### [EXERCISE PROMPT]
Write every line of the material again exactly, with no pictures in the copy.

### [GIVEN INFORMATION]
------------
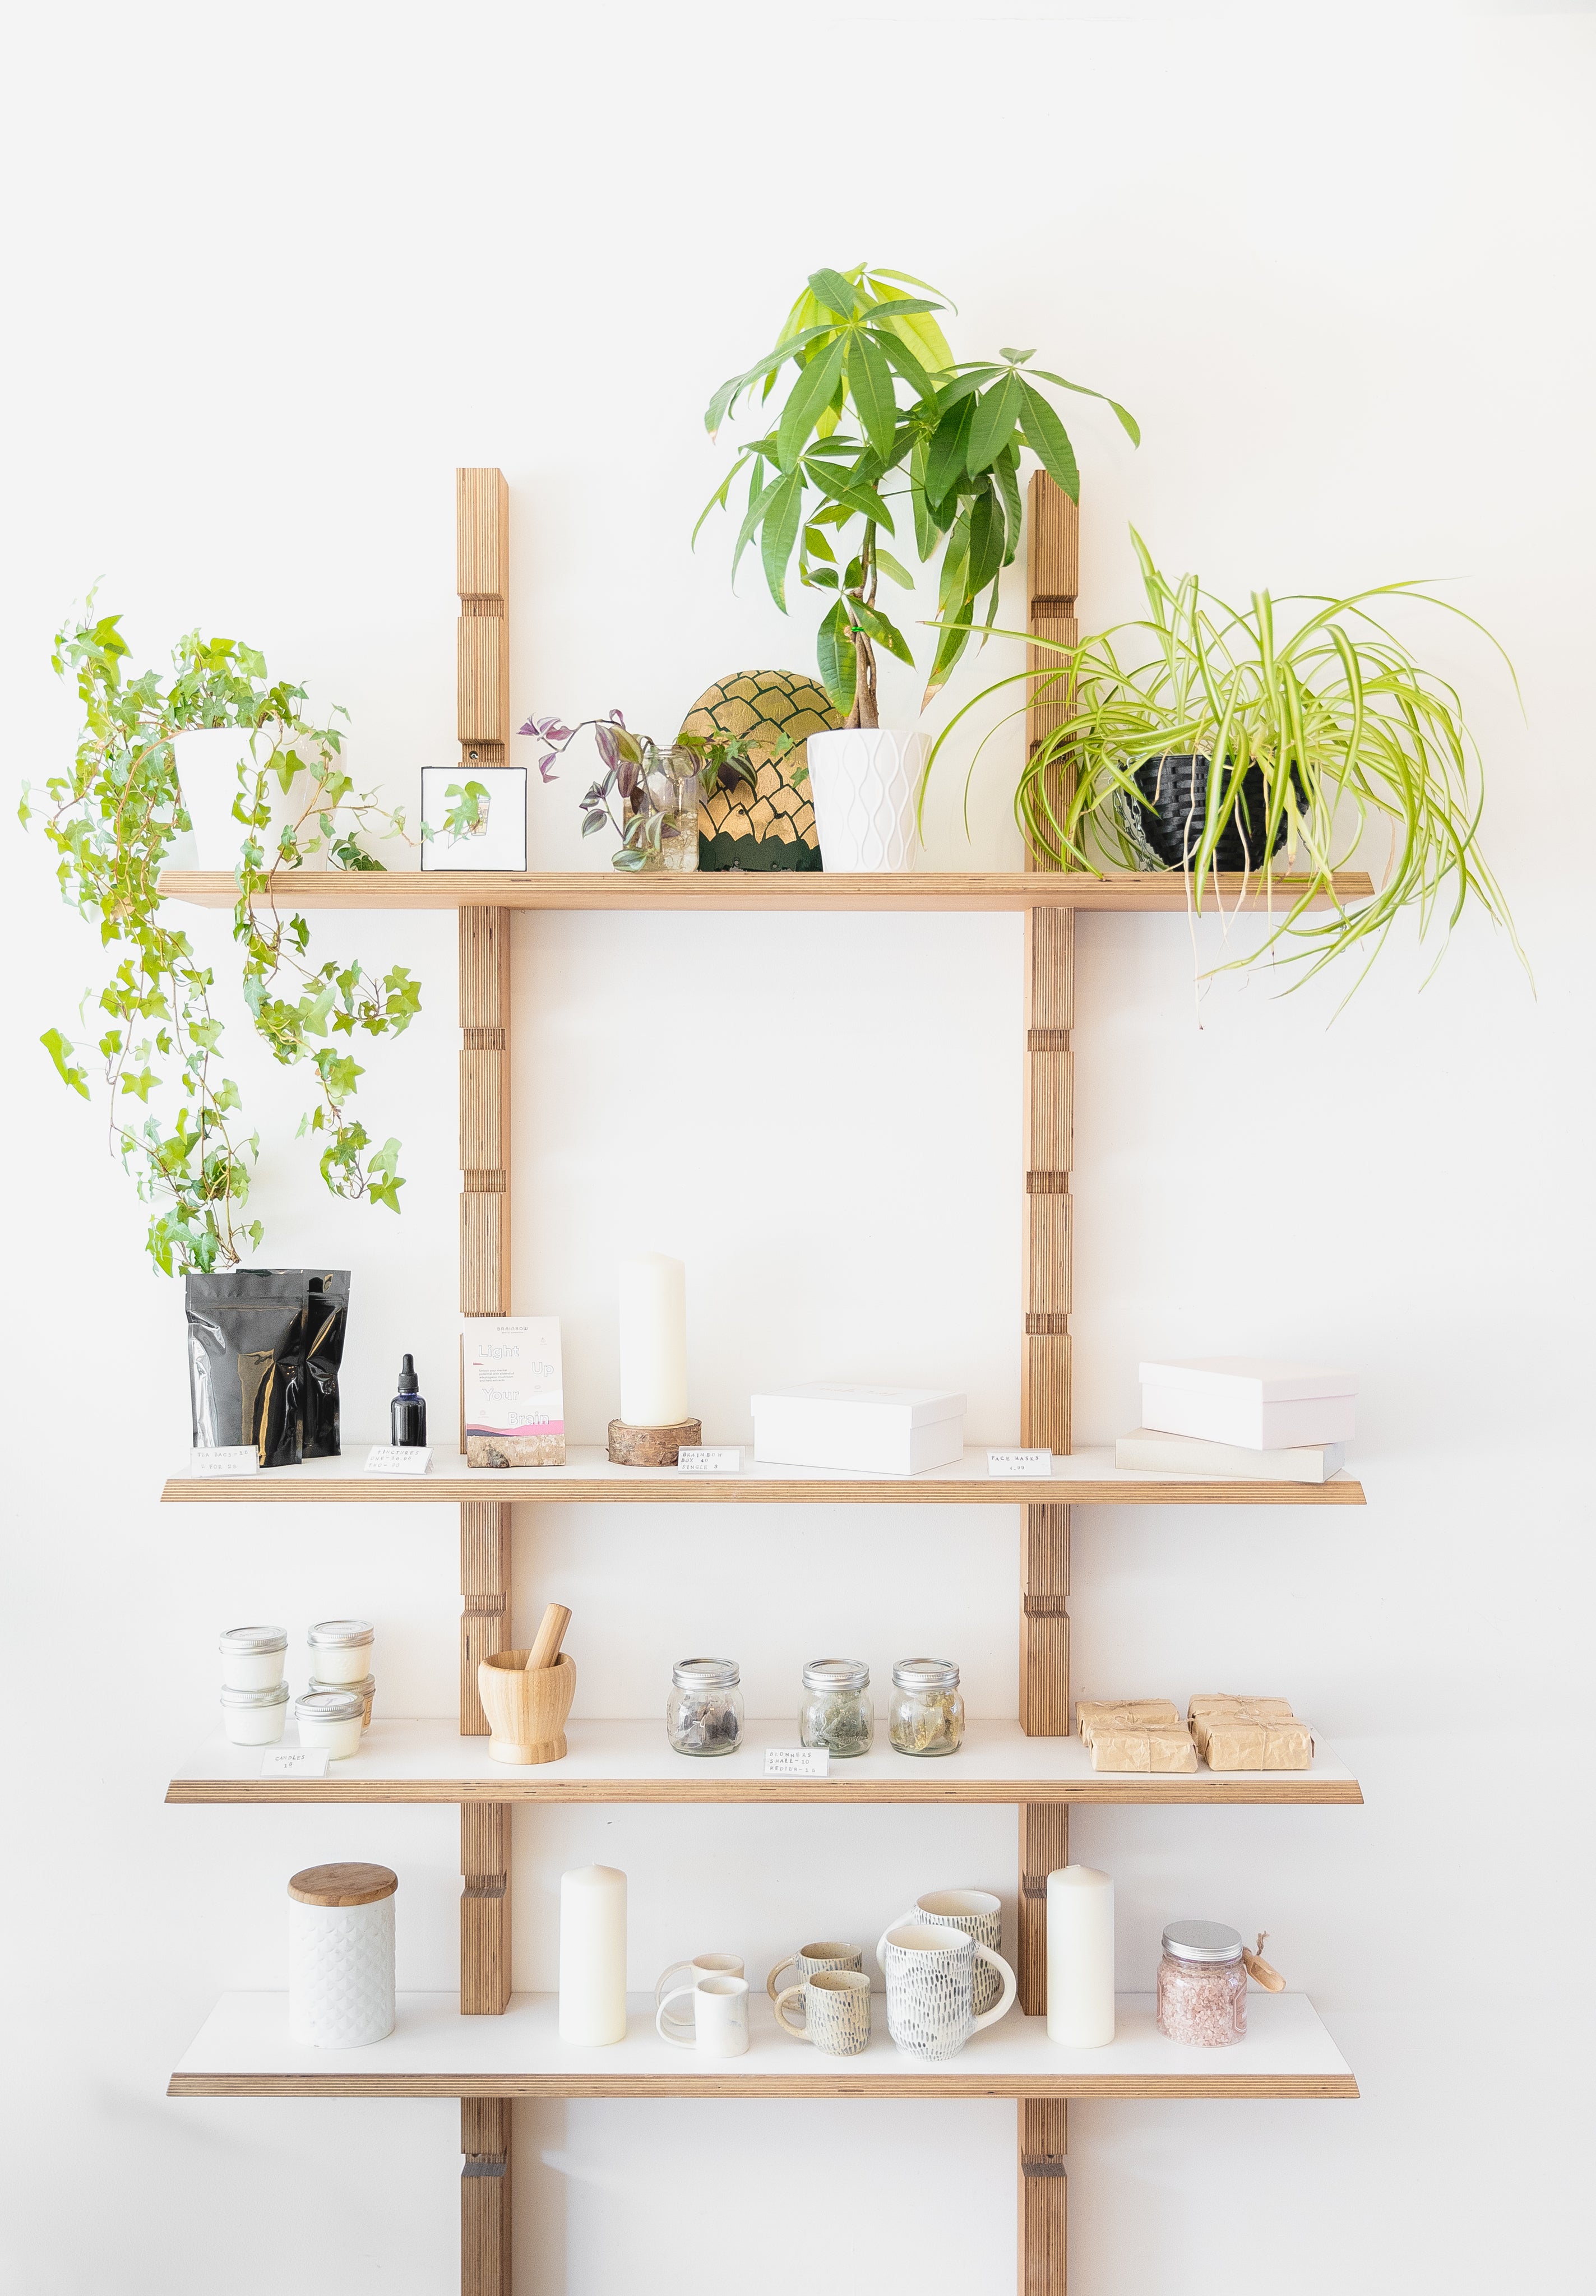 a-selection-of-candles-and-plants-on-wooden-shelves.jpg
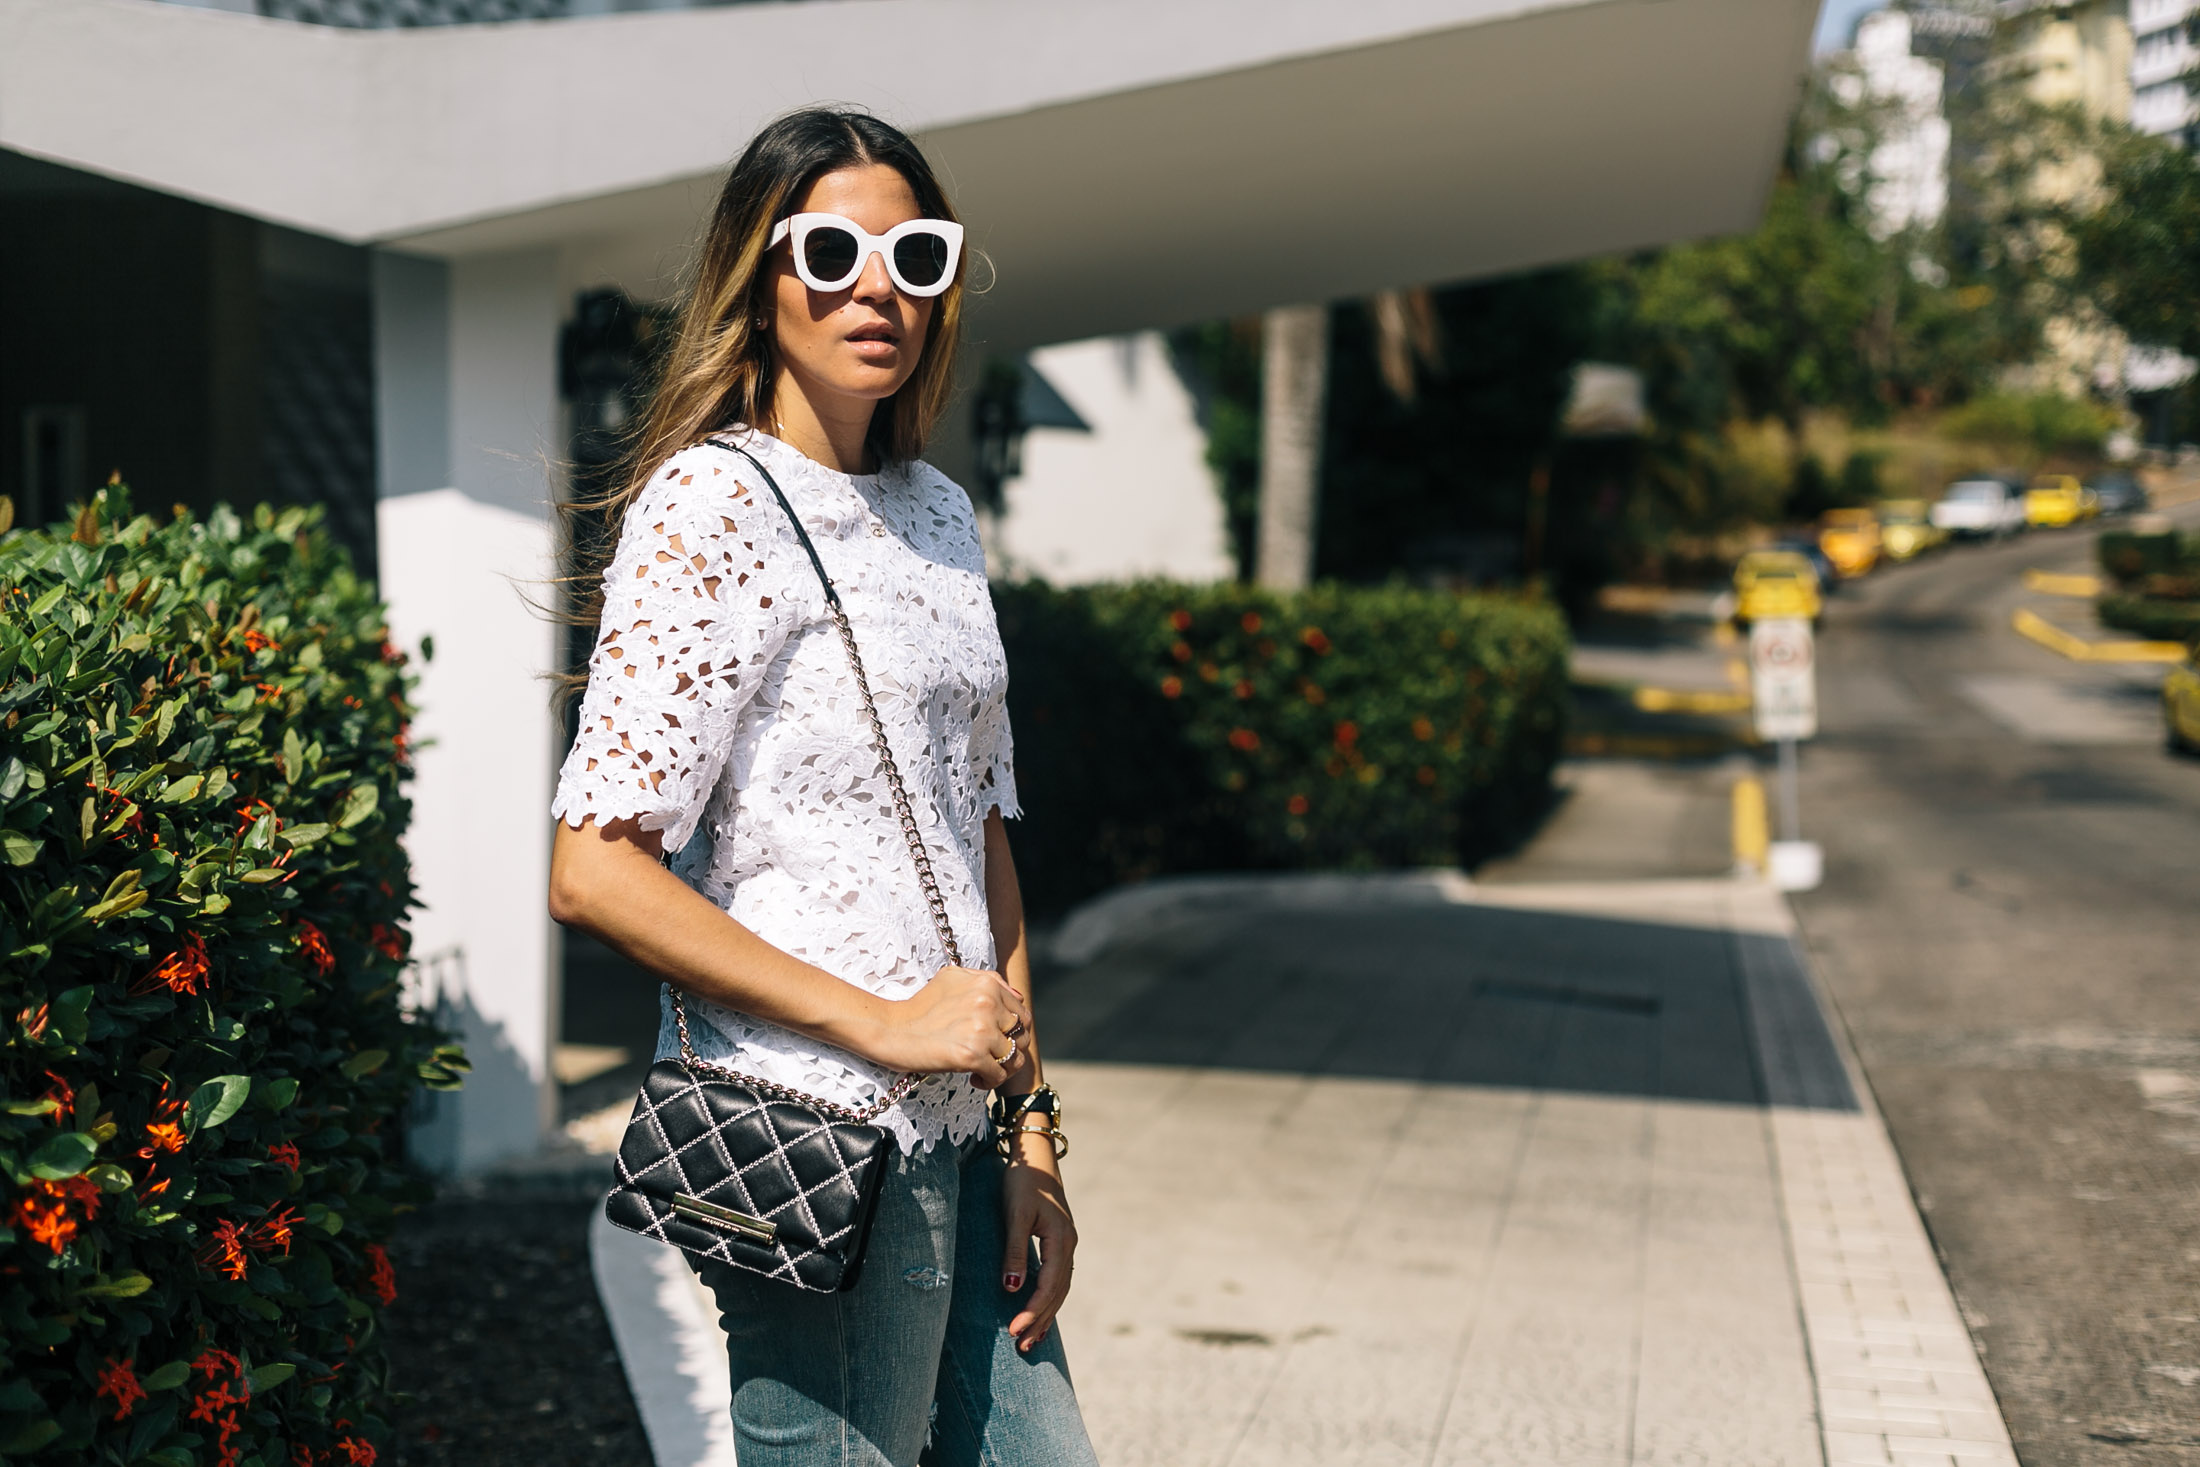 Casual everyday outfit idea with a fresh white lace top, jeans and small crossbody bag
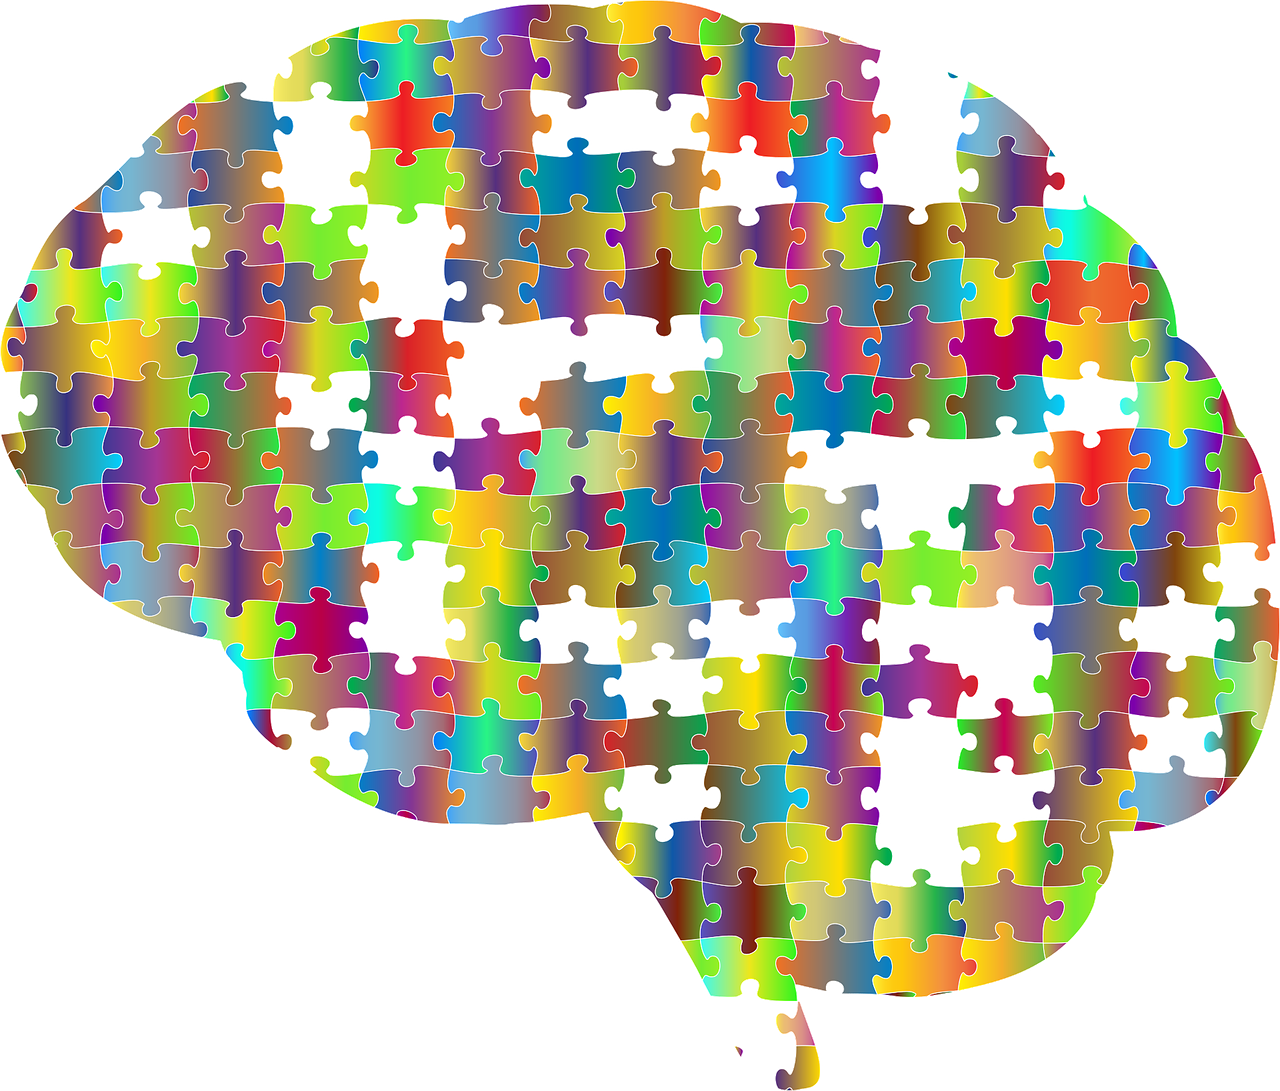 an image of a brain made of jigsaw pieces
------------
### [OUTPUT OF THE TASK]
 a-selection-of-candles-and-plants-on-wooden-shelves.jpg
 Casual everyday outfit idea with a fresh white lace top, jeans and small crossbody bag
 an image of a brain made of jigsaw pieces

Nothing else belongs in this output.